Ruth wrapped the towel into a sarong and sat. “Let’s face it, we are the ‘odd couple,’ aren’t we? About the only thing we agree on is that we are better people together than apart. Given that, this escapade isn’t even unusual, is it?”
“Well…”
“Don’t answer that. Ike, you have been amazingly patient with me about turning an engagement into a wedding. I don’t know why, but for me the finality of it always seemed so…I don’t know…help me out here.”
“Final?”
“Exactly. I expect there is some Freudian worm wiggling around in my subconscious somewhere that suggests that I deliberately got falling-down drunk in order to do what I really wanted to do, but was afraid to do sober. Does that make any sense?”
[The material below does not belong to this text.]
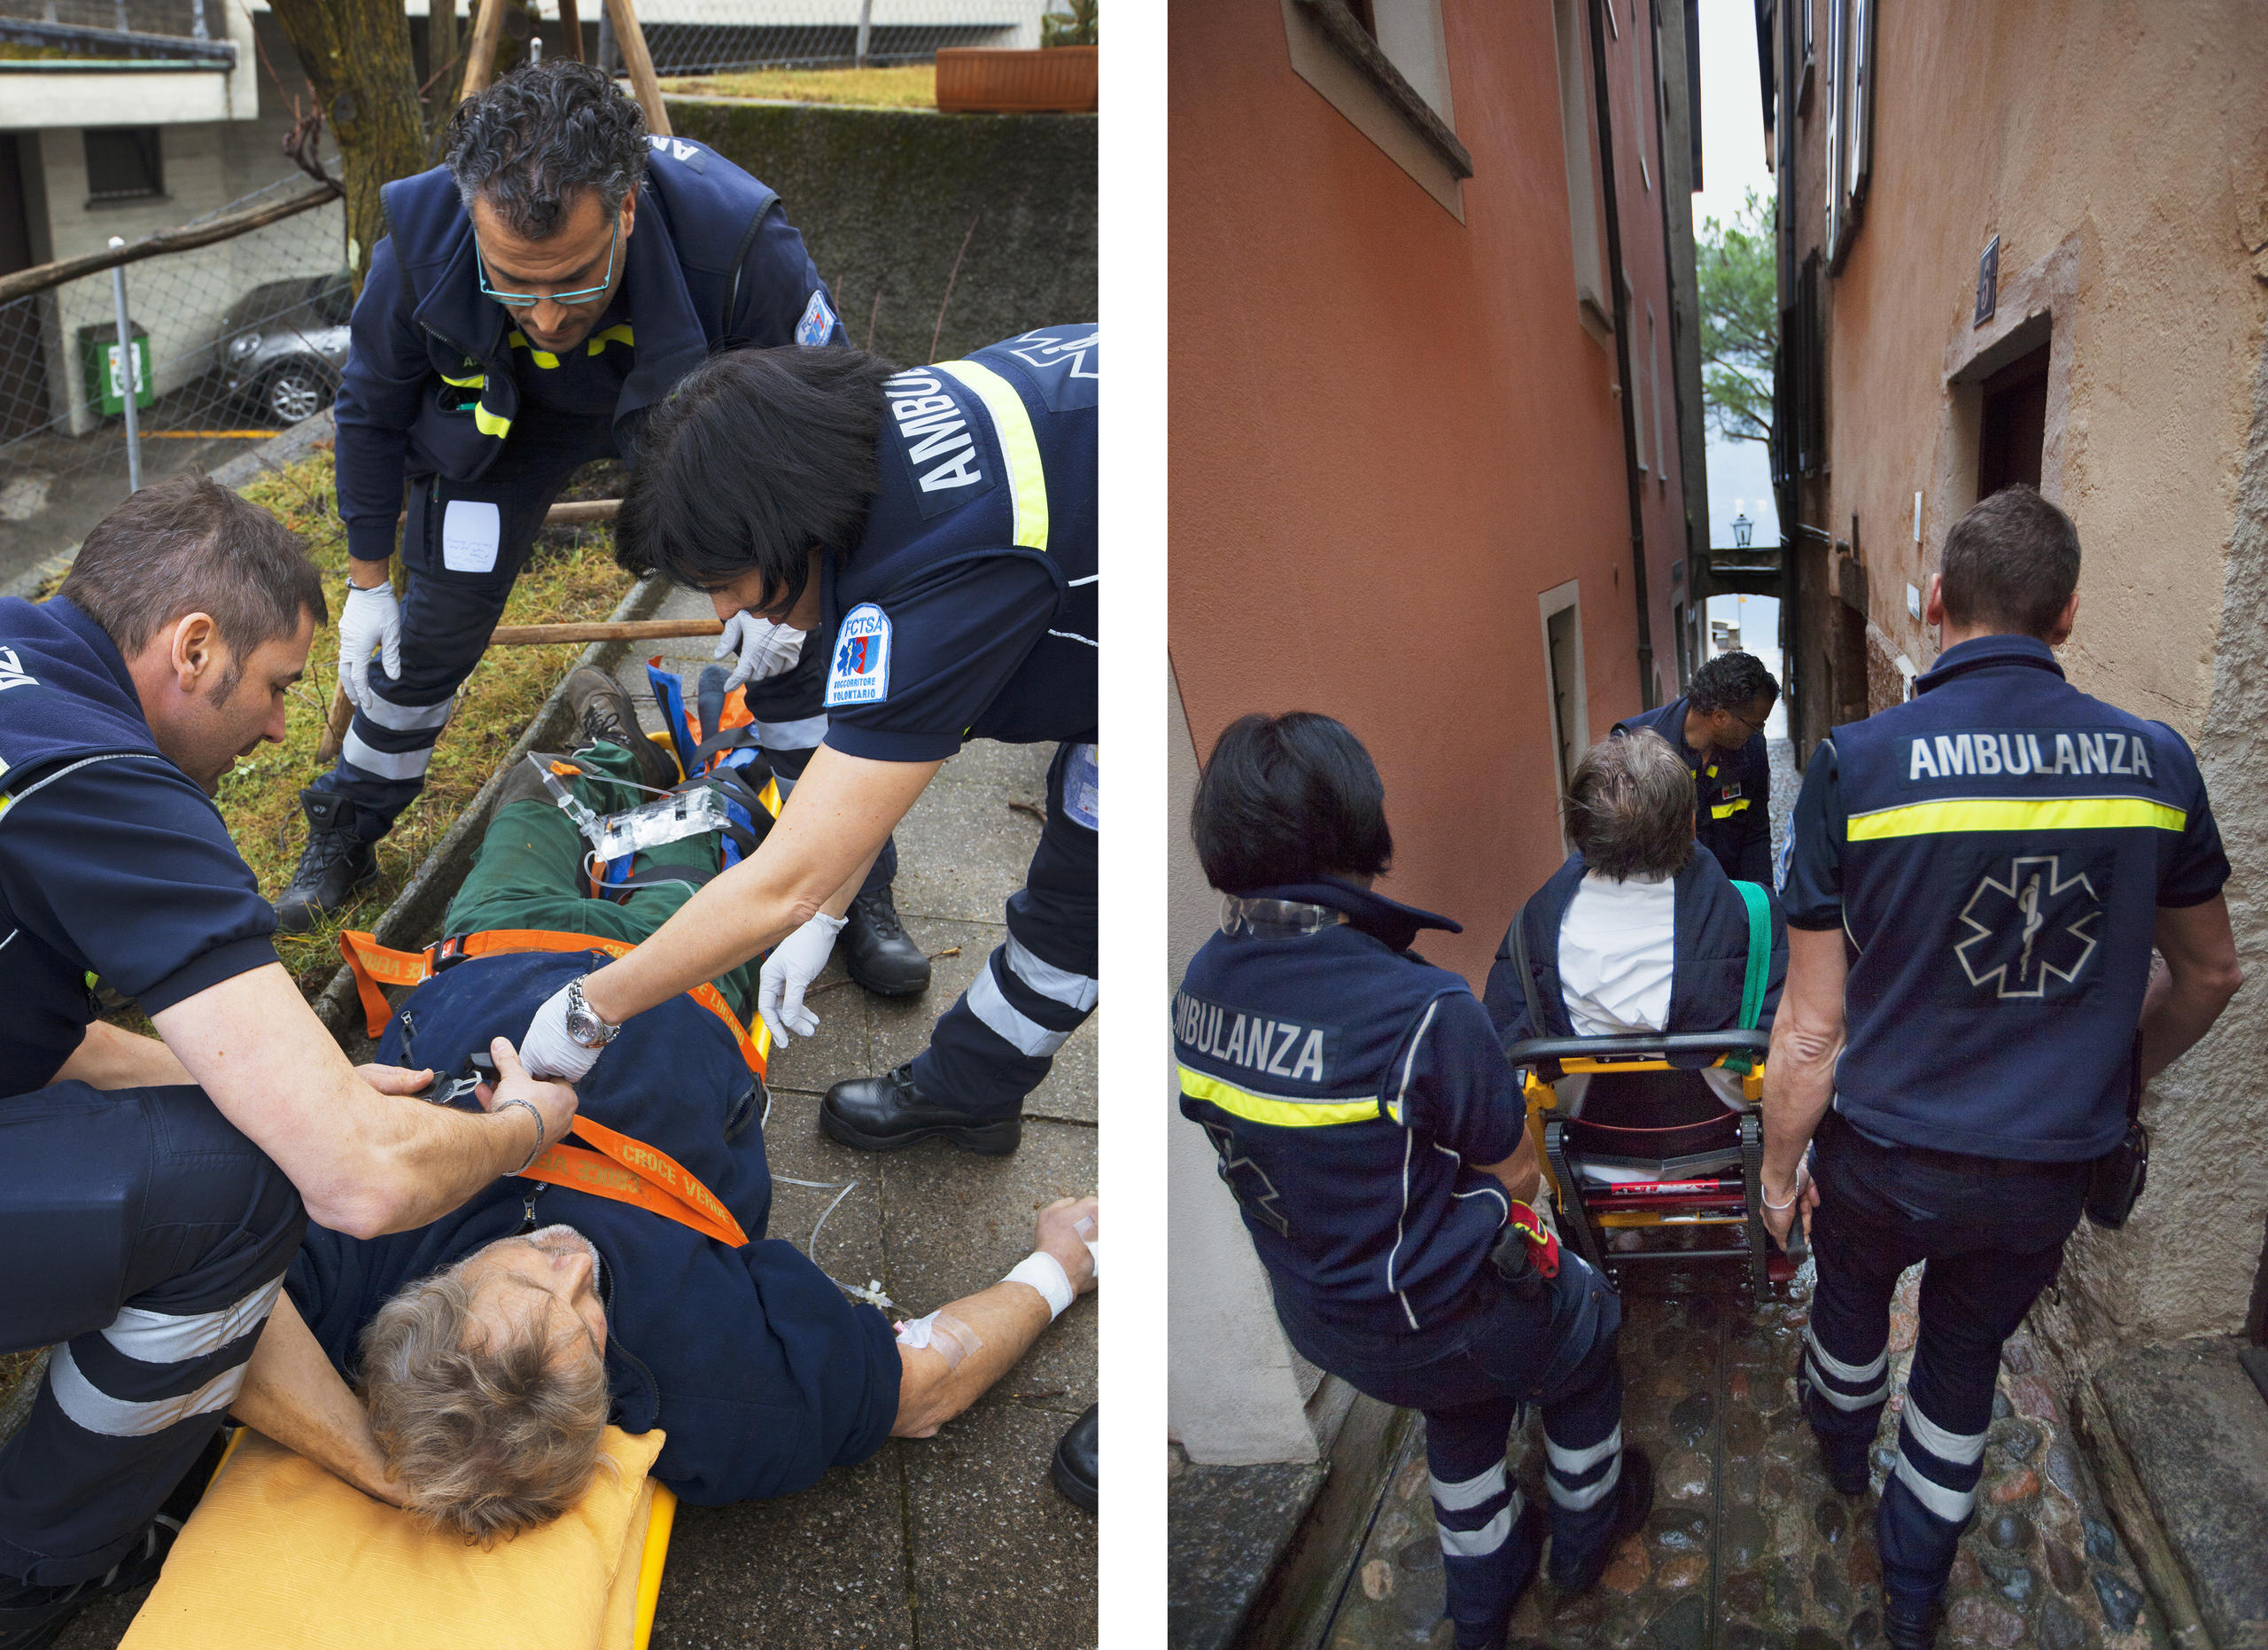 脚を折った男性を介抱する救急ボランティア

“Probably, but who the hell cares?”
“Not me. But first I have to say it, I am not regretting this at all, Ike. I am happy to wear the customized robe with the big S on it and be Mrs. Sheraton, okay? I’ve wanted this, I think, since the night you smooched me up in the mountains. I just never had the nerve to…you know. So now what?”
“We eat this ridiculously expensive breakfast and pack.”
“No, that’s not what I meant. We need to have a real wedding when we get back, Ike. You know, cake and reception and rice and all that. I need to brace up my mother. You have your father and Dolly to think about, and all those folks who love us and also give us heartburn will be upset. We owe them something formal—official.”